15:49:10	<@arkiver>	so, if I read this correctly, access to https://www.zhihu.com/club/explore will be disables end of this month, and all actual posts will not be accessible anymore end of march?
15:49:49	<ok74>	hey
15:49:55	<@arkiver>	hi
15:50:16	<ok74>	just find out my twitter account was targeted by your org
15:50:40		ok quits [Remote host closed the connection]

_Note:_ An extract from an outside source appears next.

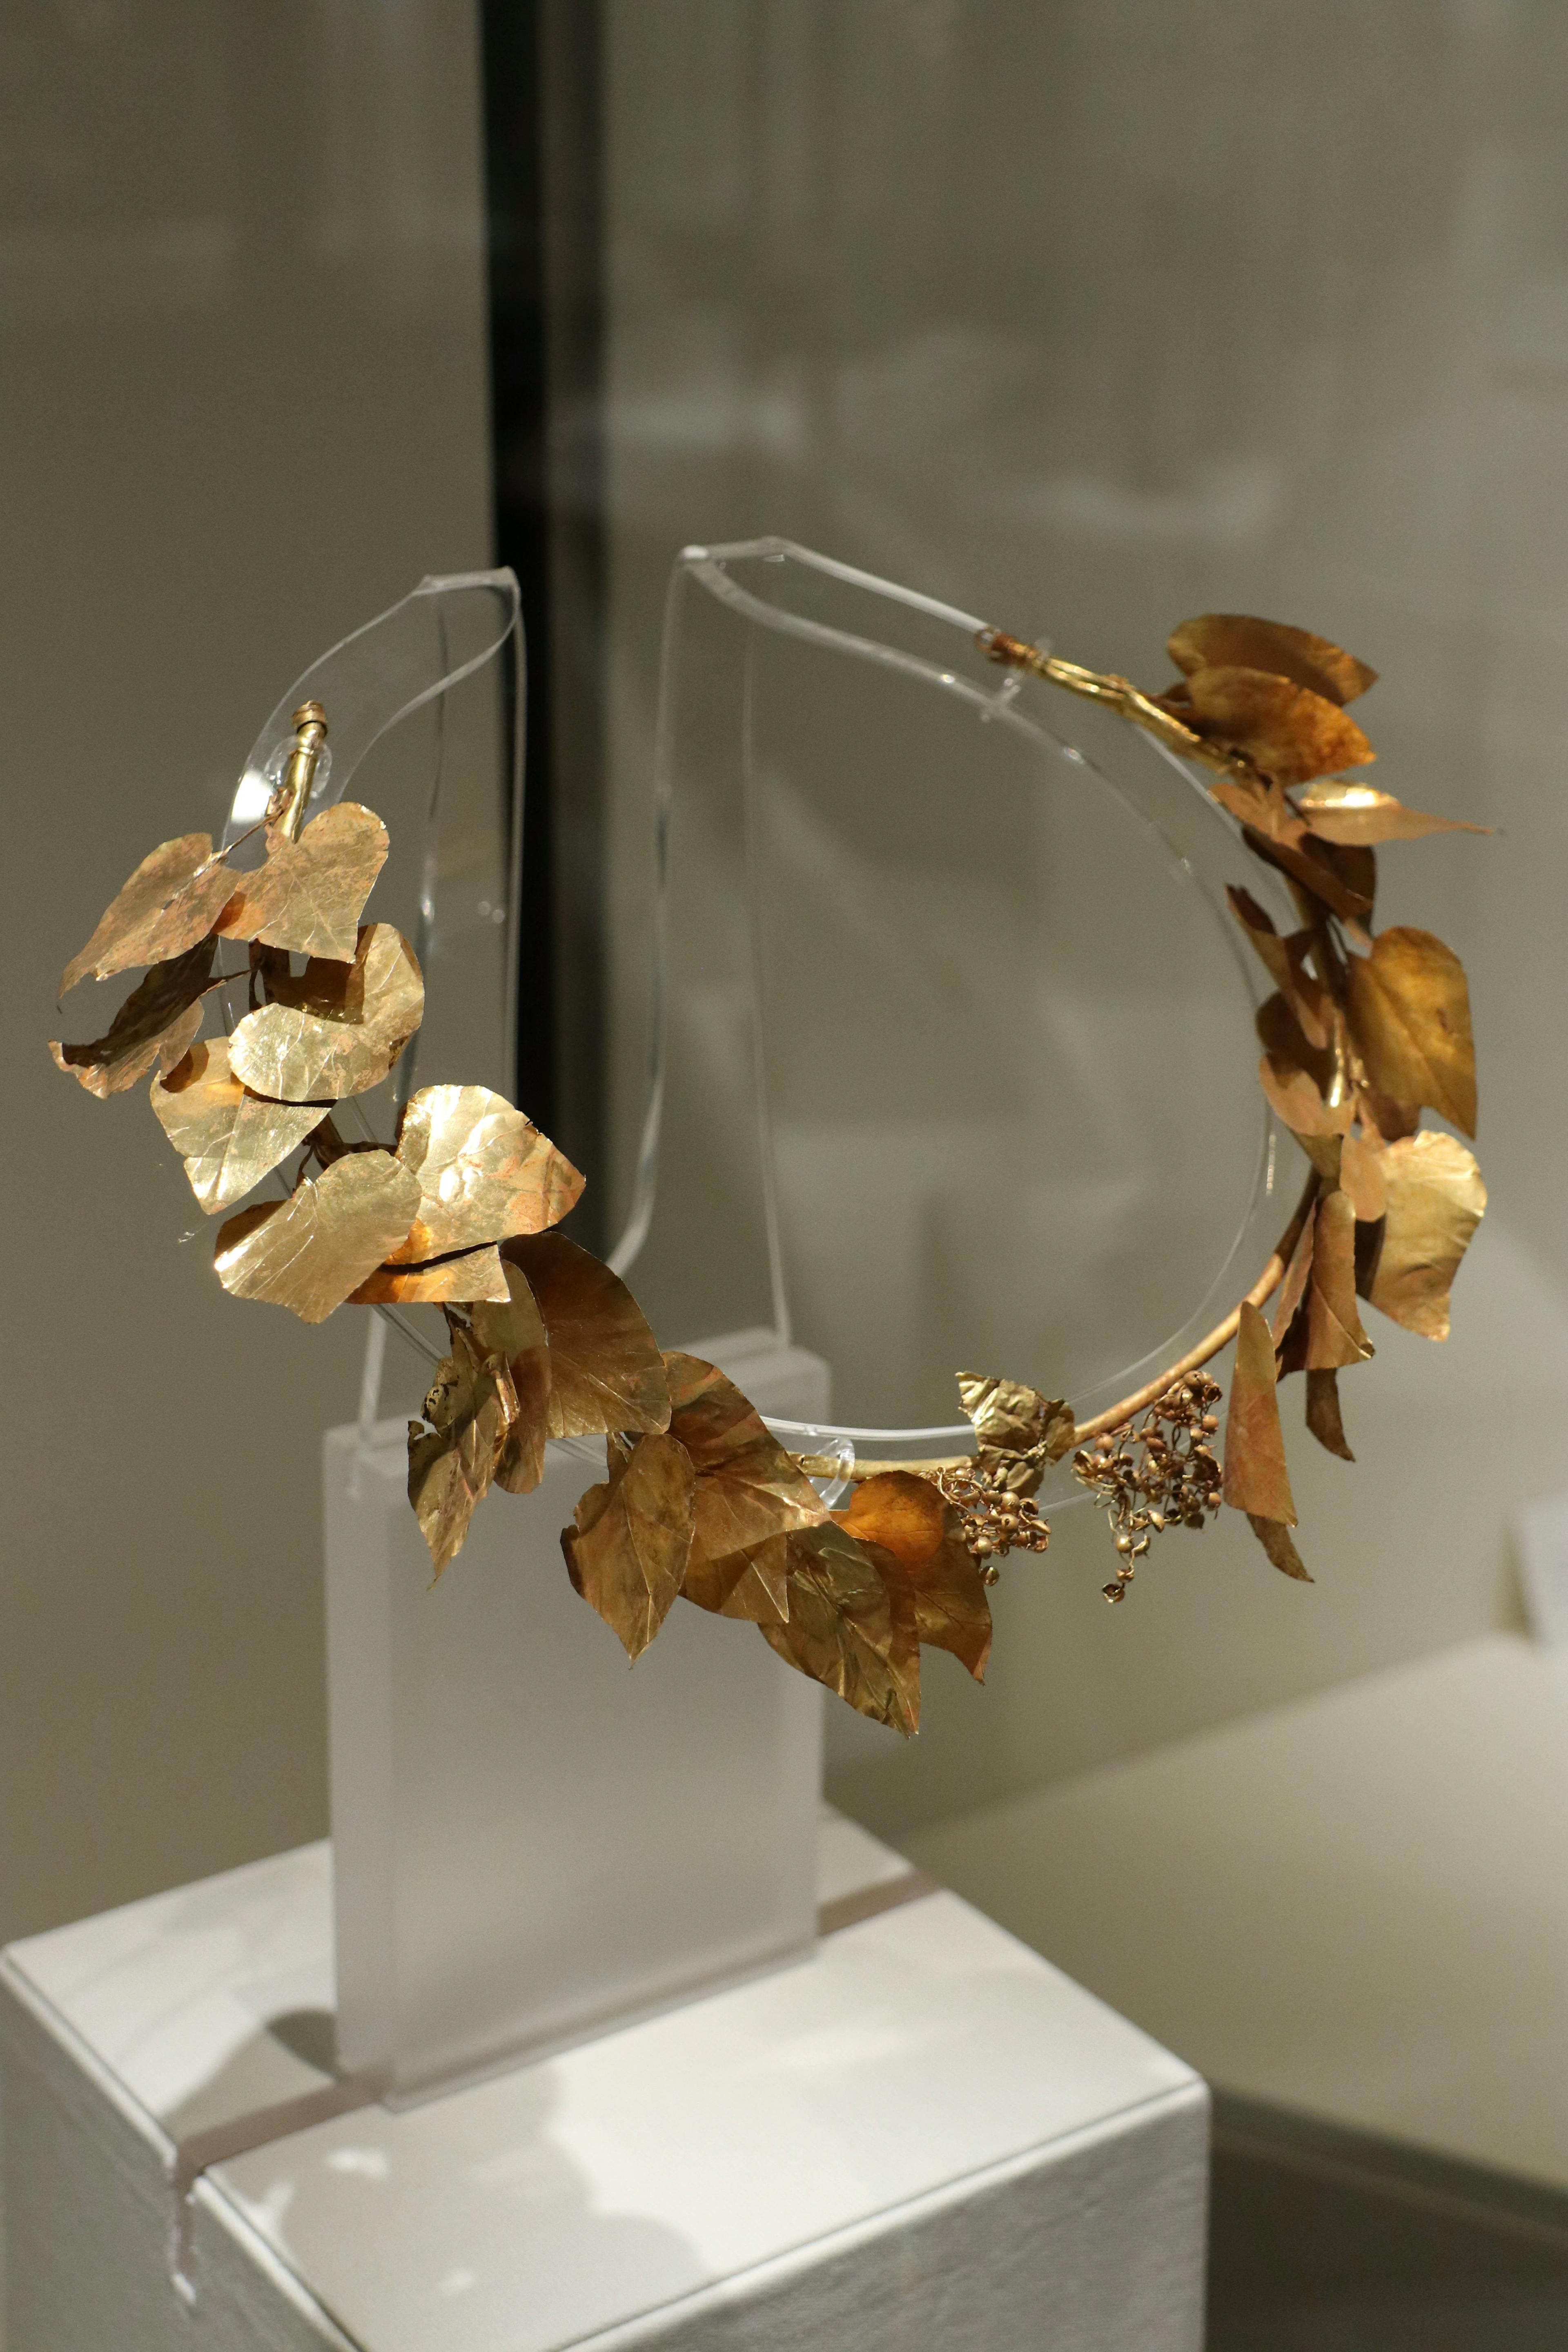 Gold ivy wreath from the middle of the 4th century B.C. On display at the National Archaeological Museum of Athens. Credit: George E. Koronaios, CC0, via Wikimedia Commons.

15:52:03	<ok74>	don't get the idea to put a bot to stalk evey of my tweet
15:54:03	<ok74>	someone can give my some explanation please
15:54:12	<madpro\|m>	Hi ok74,
15:54:18	<ok74>	hi
15:54:23	<madpro\|m>	That's IRC for you, it can take a few hours for people to respond.
15:54:30	<thuban>	ok74: we archive a very broad range of material. if you don't want your account archived, it's best to contact archive.org and ask for it to be excluded. that will prevent everyone from saving it there, not just us https://help.archive.org/help/how-do-i-request-to-remove-something-from-archive-org/
15:55:26	<madpro\|m>	Rest assured Archive Team is a bona fide volunteer organisation. Its mission is to preserve digital heritage, without disturbing people if possible.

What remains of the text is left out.